[EXERCISE DATA Boundary: Start]

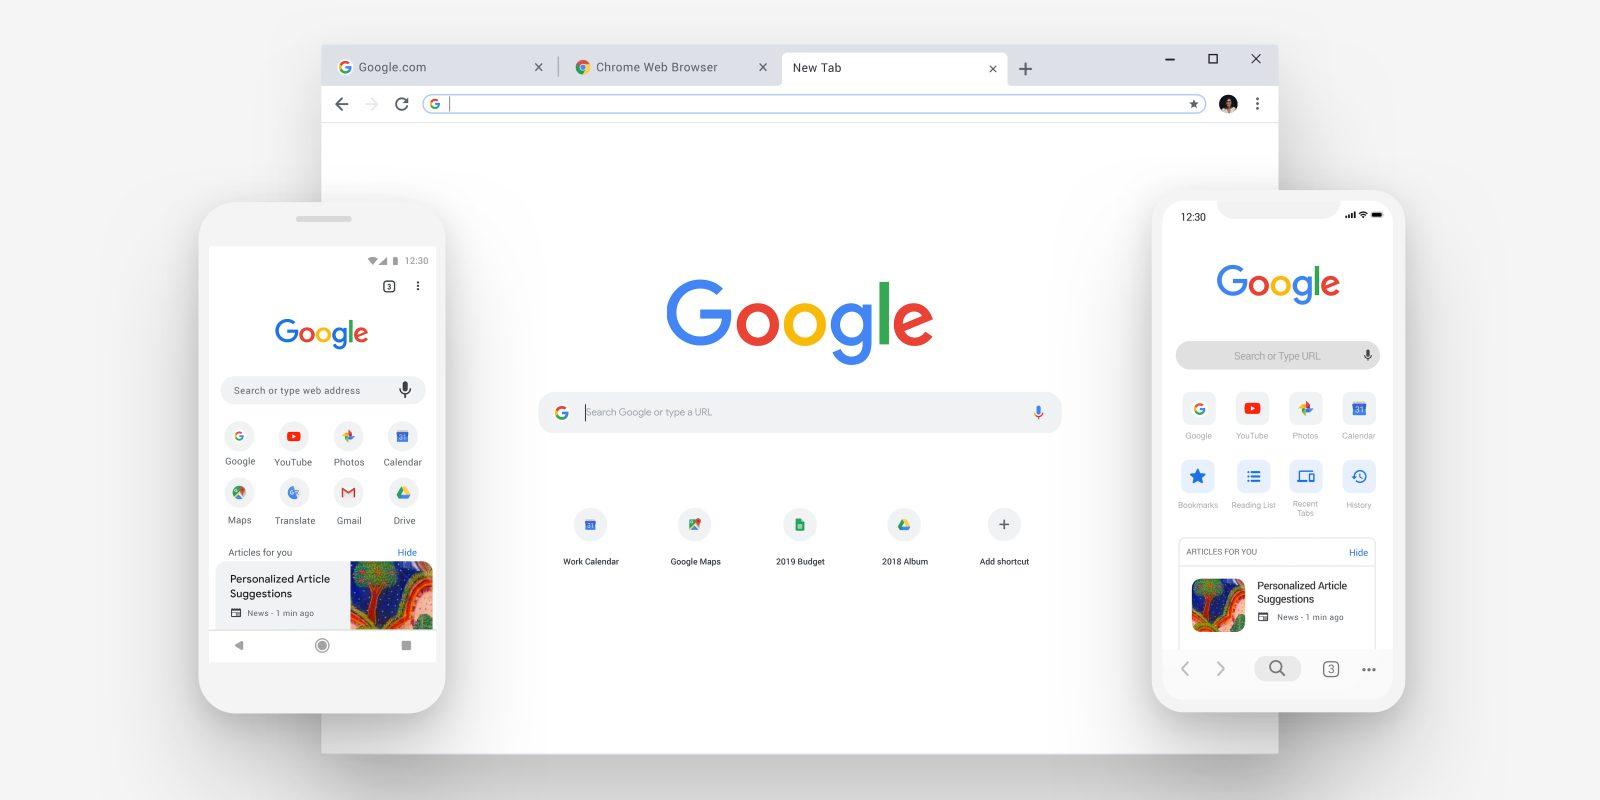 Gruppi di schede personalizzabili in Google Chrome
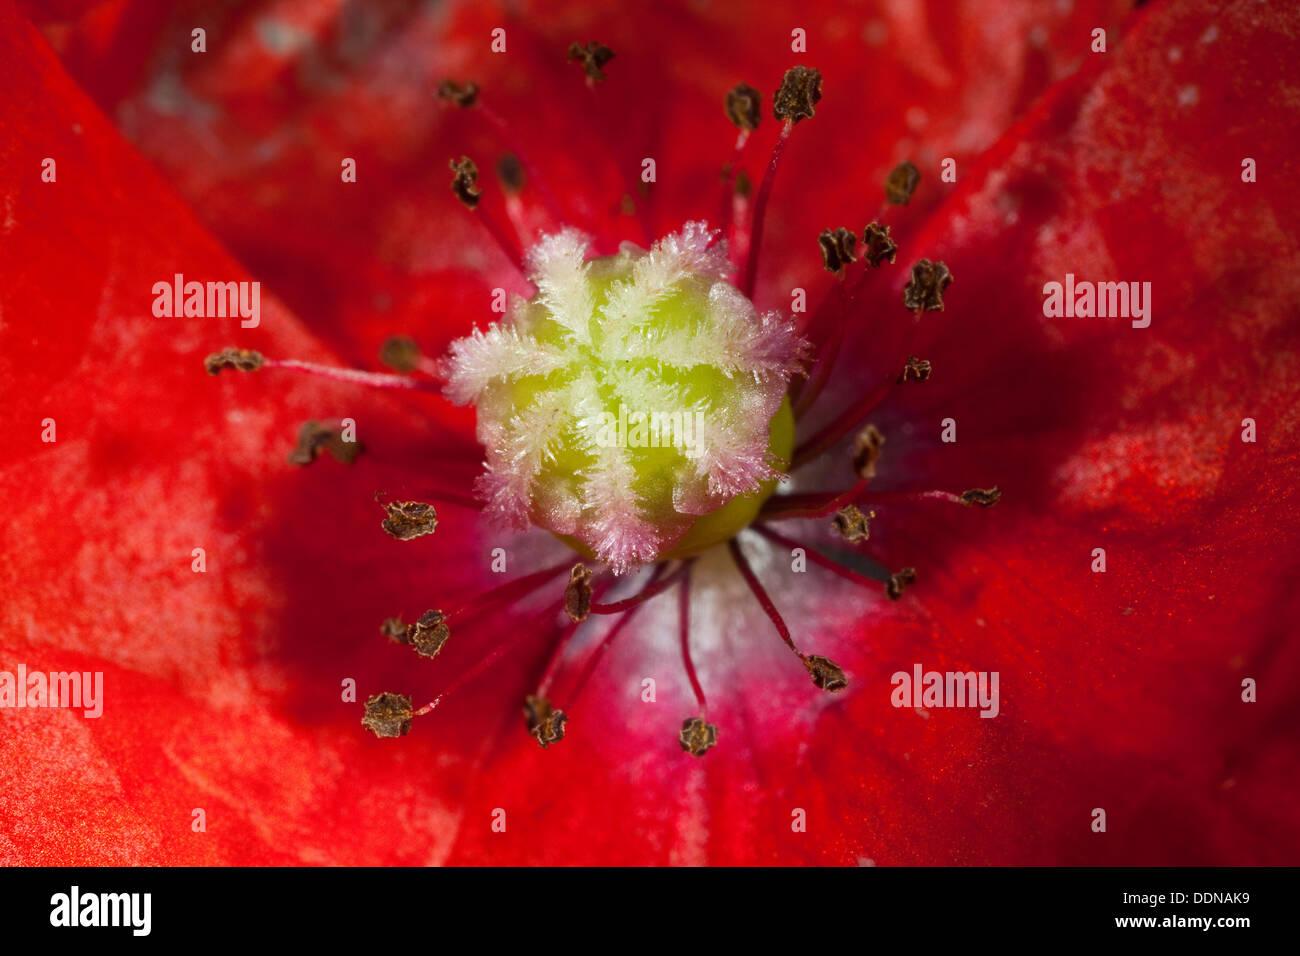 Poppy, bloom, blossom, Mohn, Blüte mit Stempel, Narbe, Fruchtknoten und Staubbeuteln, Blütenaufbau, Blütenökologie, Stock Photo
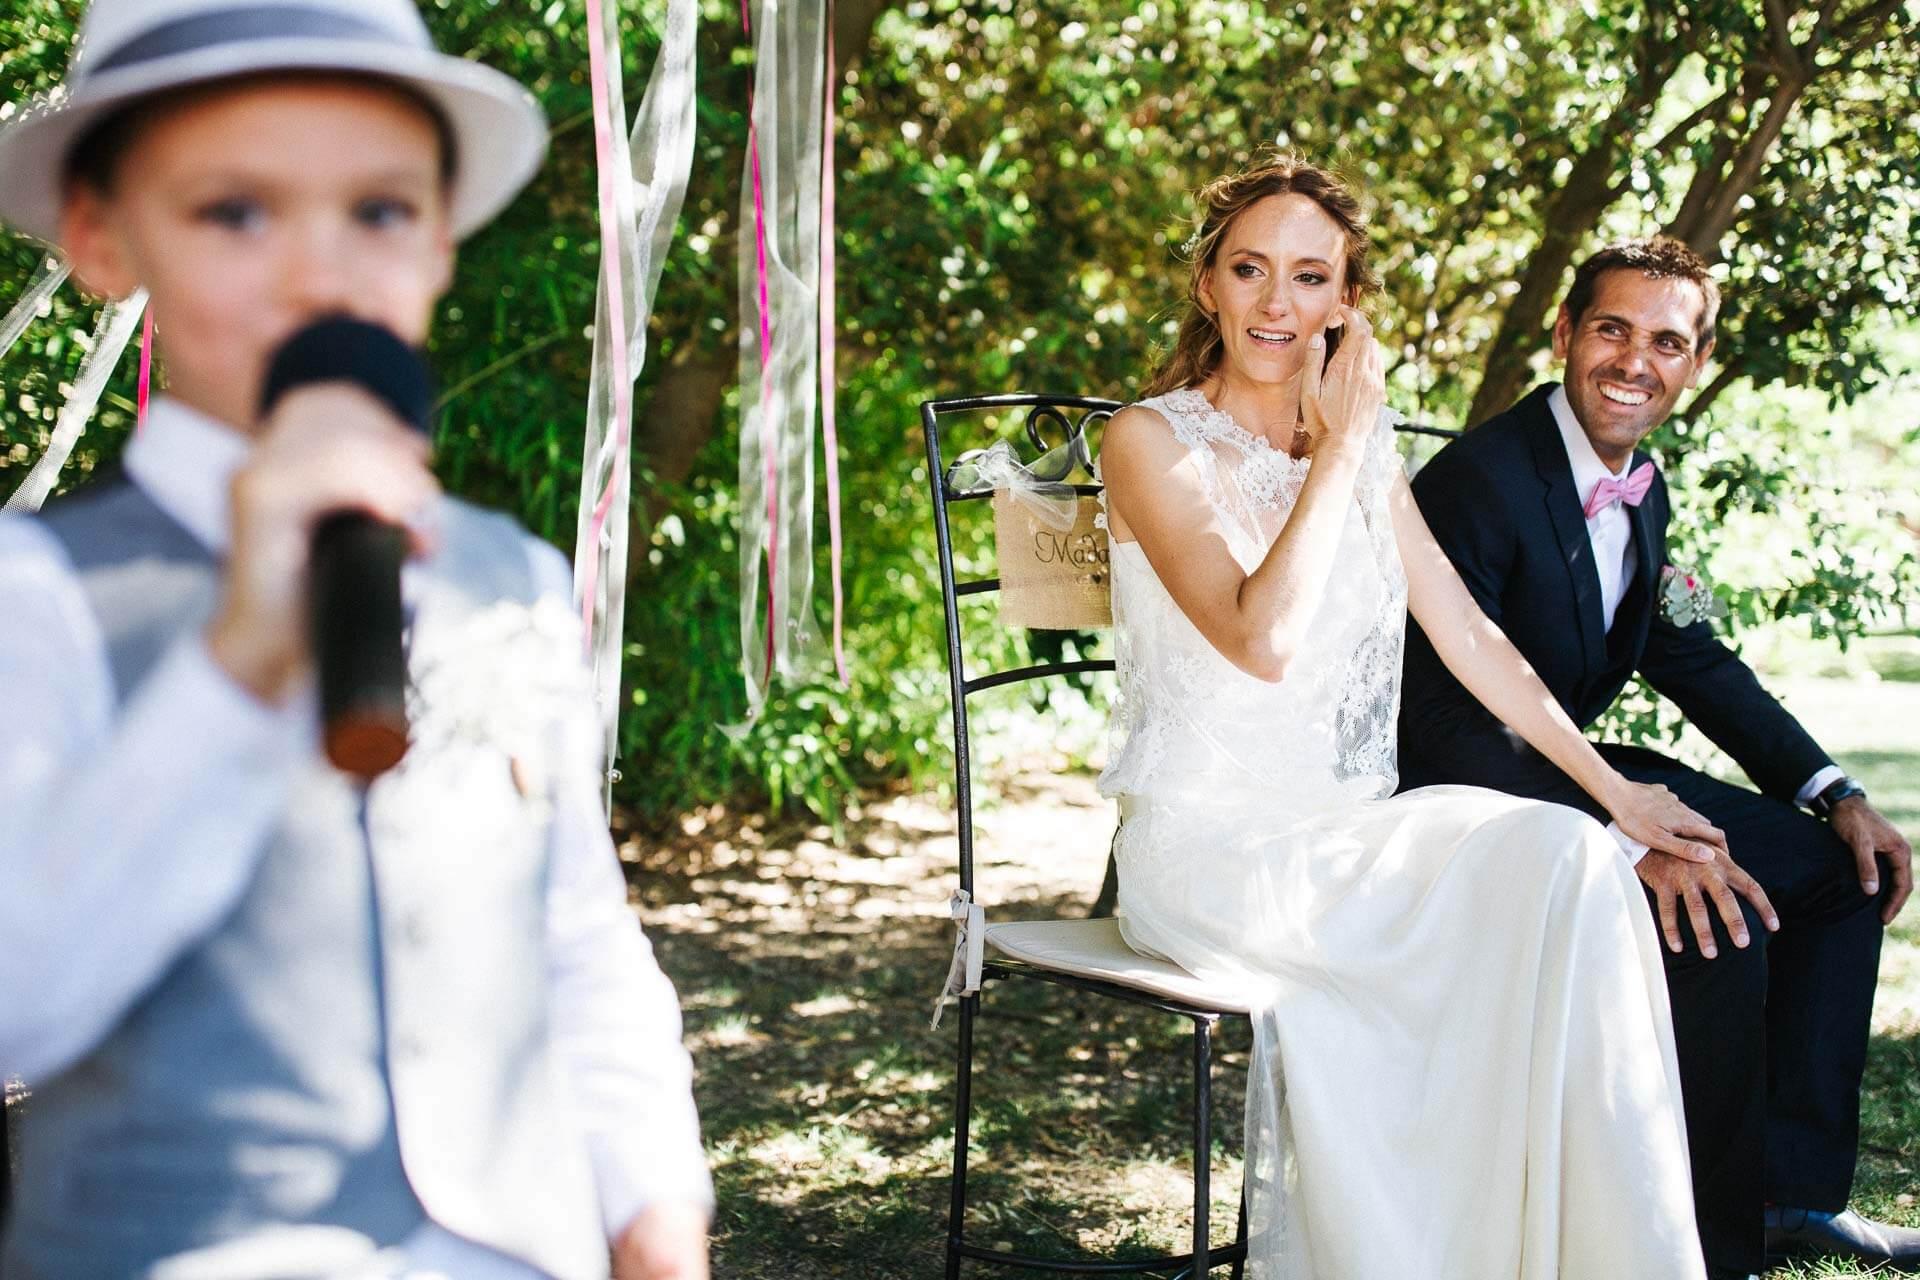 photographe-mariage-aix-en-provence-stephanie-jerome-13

[EXERCISE DATA Boundary: End]

* [WHAT THIS TASK INVOLVES] Each line of the data is to be duplicated exactly; pictures stay out of the copy.

* [RESPONSE BOX]
 Gruppi di schede personalizzabili in Google Chrome
 Poppy, bloom, blossom, Mohn, Blüte mit Stempel, Narbe, Fruchtknoten und Staubbeuteln, Blütenaufbau, Blütenökologie, Stock Photo
 photographe-mariage-aix-en-provence-stephanie-jerome-13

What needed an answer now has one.